Por suerte, Silas seguía sin conocer la verdadera identidad de Teabing y había sido fácil engañarle y convencerlo para que se lo llevara de la iglesia. Luego Rémy no había tenido problemas para hacer ver que lo ataba en el asiento trasero de la limusina. Con el panel divisorio levantado, sir Leigh había podido telefonear tranquilamente a Silas, que estaba sólo unos metros más allá, y usar aquel acento francés falso que adoptaba para hacer el papel de Maestro, ordenándole que se fuera directo al centro del Opus Dei. Un simple chivatazo a la policía había bastado entonces para librarse de Silas.
«Un cabo suelto menos».
El otro había sido más difícil de atar. «Rémy».
A Teabing le había costado mucho tomar la decisión, pero al final su mayordomo había acabado siendo un obstáculo. «Toda búsqueda del Grial requiere un sacrificio». La solución más limpia se la había encontrado dentro del mueble bar: una petaca de coñac y una lata de cacahuetes.

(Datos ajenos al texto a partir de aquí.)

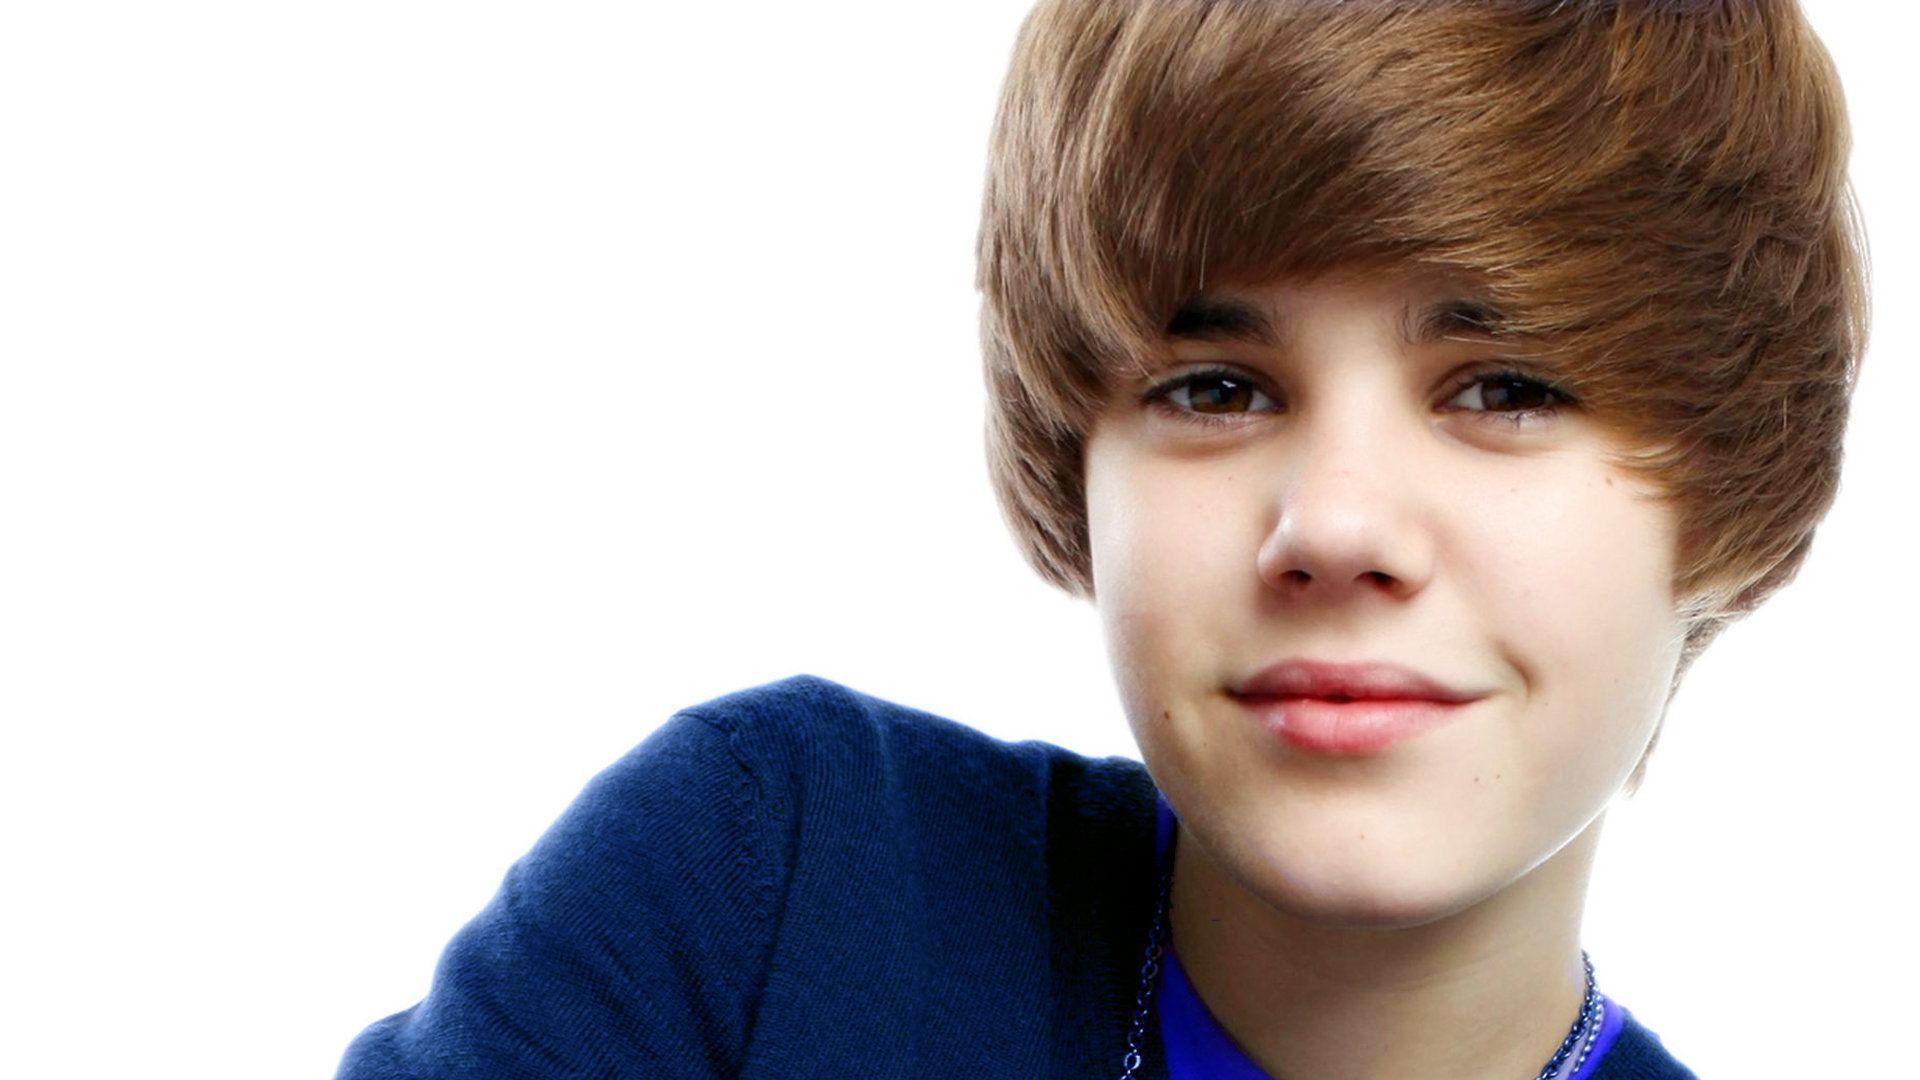 Justin Bieber HD Wallpapers - Wallpaper Cave

El polvillo que había en el fondo del envase bastaría para desencadenar la alergia mortal de Rémy. Cuando éste aparcó el coche en Horse Guards Parade, Teabing se bajó del asiento trasero y se sentó en el del copiloto, junto al mayordomo. Minutos después, se bajó del jaguar, volvió a montarse en la parte de atrás, eliminó las pruebas y salió para poner en marcha la fase final de su misión.
La abadía de Westminster estaba cerca y aunque los hierros de las piernas, las muletas y la pistola habían hecho saltar las alarmas del detector de metales, los guardias de seguridad nunca sabían qué hacer con él. «¿Le pedimos que se quite los hierros y que pase arrastrándose? ¿Cacheamos ese cuerpo deforme?». Teabing presentó a los guardias una solución mucho más sencilla, una tarjeta grabada en relieve que lo identificaba como Caballero del Reino. Aquellos pobres chicos casi habían tropezado para dejarlo pasar.

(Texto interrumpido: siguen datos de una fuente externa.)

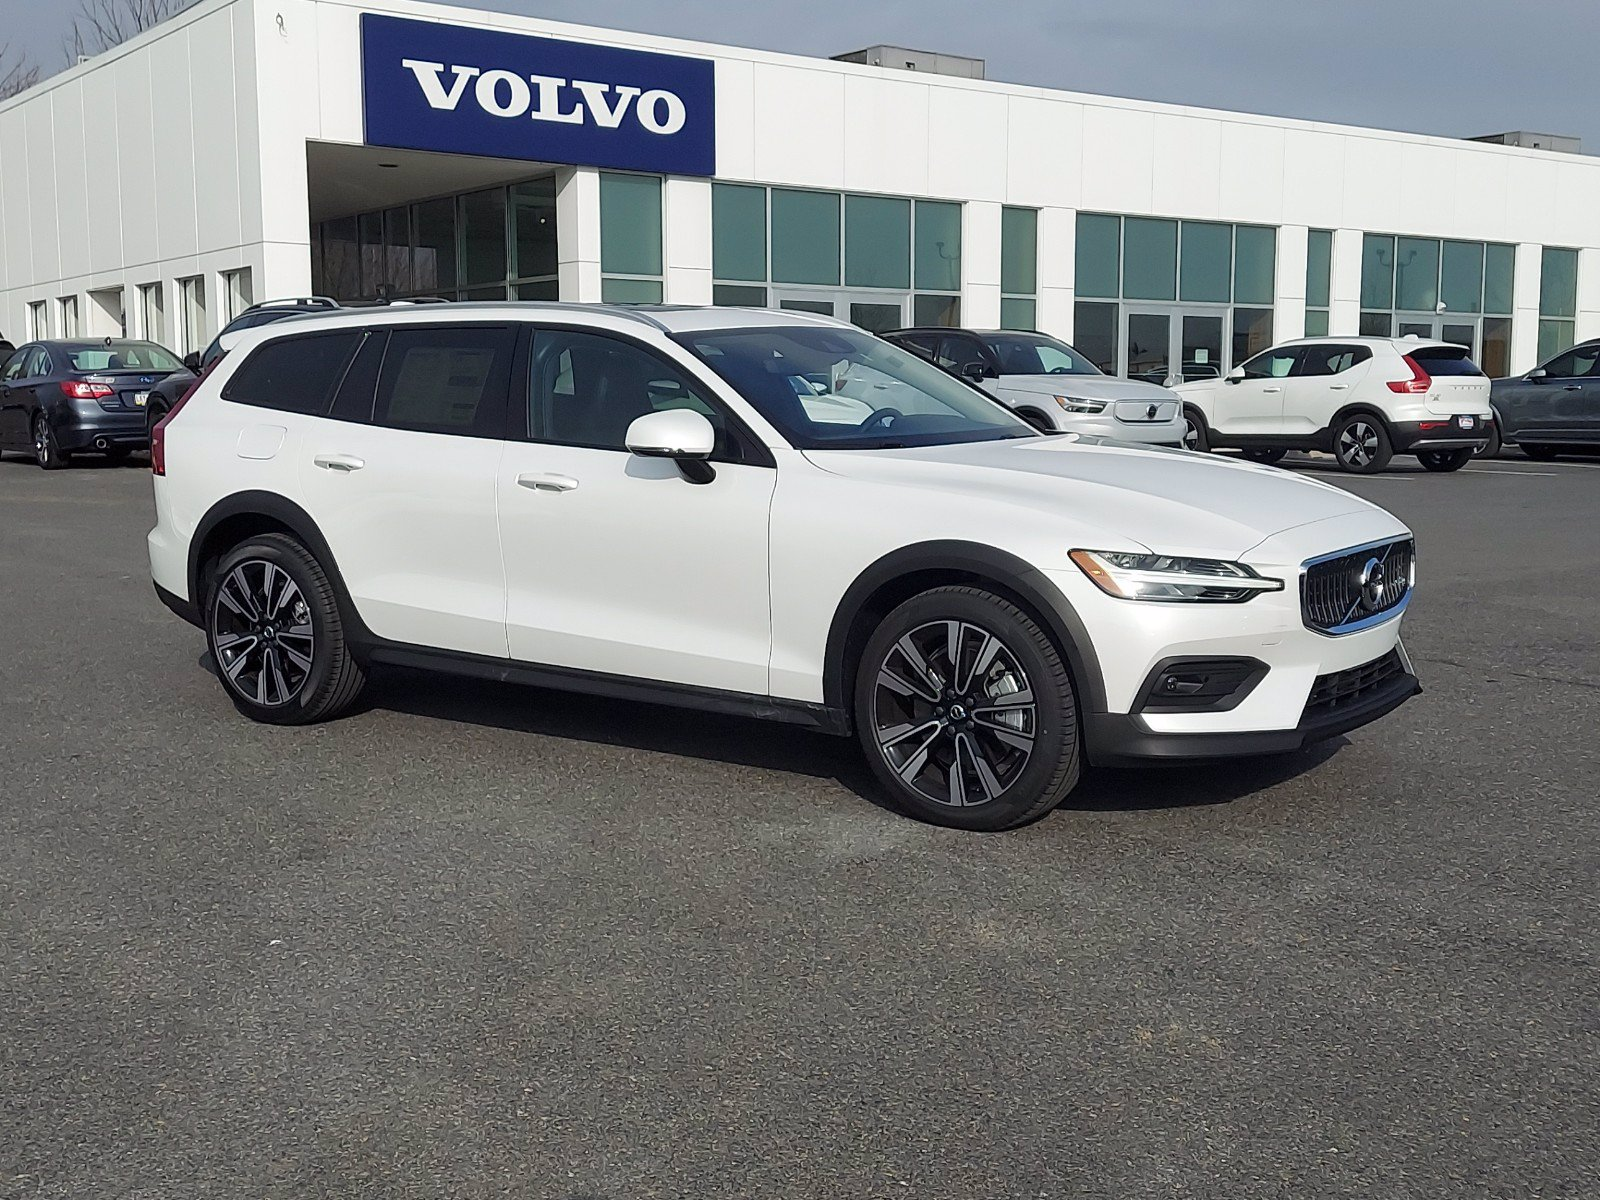 2021 Volvo V60 Cross Country Wagon

Ahora, al ver el desconcierto de Langdon y Sophie, Teabing resistió la impaciencia que sentía por revelar de qué genial manera había logrado implicar al Opus Dei en la trama que pronto supondría la desaparición de toda la Iglesia. Eso iba a tener que esperar. De momento, había mucho que hacer.
—Mes amis —declaró en su francés impecable—, vous ne trouvez pas le Saint-Graal, cest le Saínt-Graal qui vous trouve. —Sonrió—. La unión de nuestros caminos no puede estar más clara. El Grial nos ha encontrado.
Silencio.
Bajó la voz y siguió hablándoles en un susurro.

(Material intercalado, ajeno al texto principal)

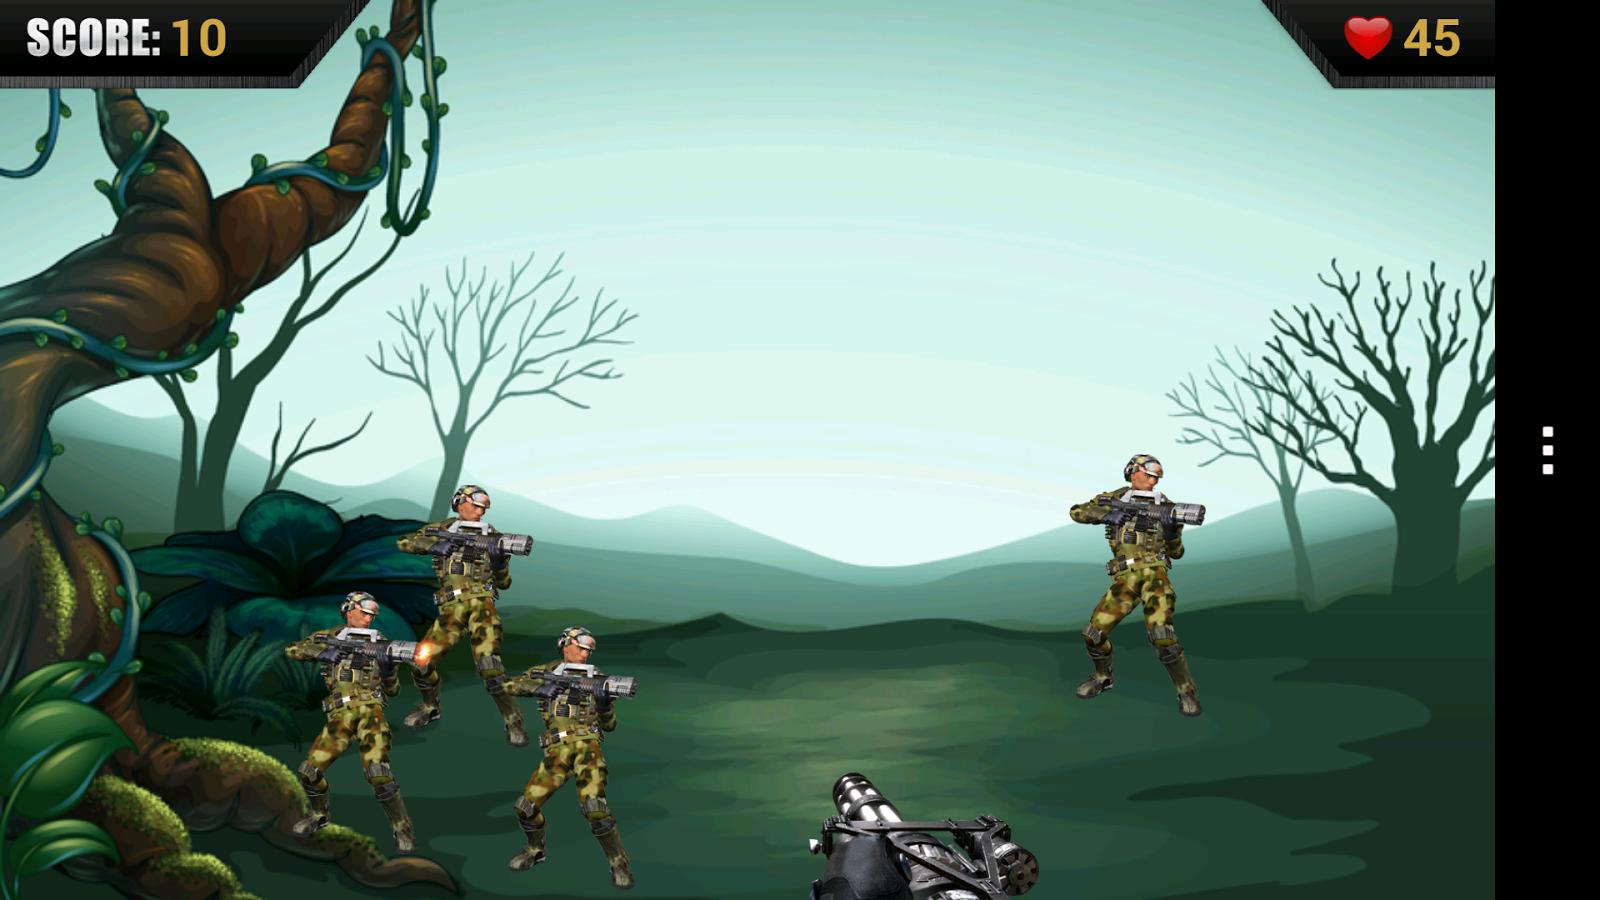 Minigun-Massacre 4

—Escuchad. ¿No lo oís? El Grial nos habla a través de los siglos. Nos suplica que lo liberemos de la insensatez del Priorato. Os imploro a los dos que reconozcáis esta oportunidad. No podría haber otras tres personas más capaces para descifrar el código final y abrir el criptex. —Se quedó un momento en silencio, transfigurado—. Debemos hacer una promesa. Un voto de confianza mutua. El deber de caballero de descubrir la verdad y darla a conocer.
Sophie le miró a los ojos y le habló con voz fría.
—Nunca sellaré una promesa con el asesino de mi abuelo. Amenos que sea la de hacer todo lo posible para que acabe en la cárcel.
La expresión de sir Leigh se hizo grave y, tras unos instantes, recobró el tono resuelto.
—Lamento que lo vea así, mademoiselle. —Se volvió y apuntó a Langdon con la pistola—. ¿Y tú, Robert? ¿Estás conmigo o estás contra mí?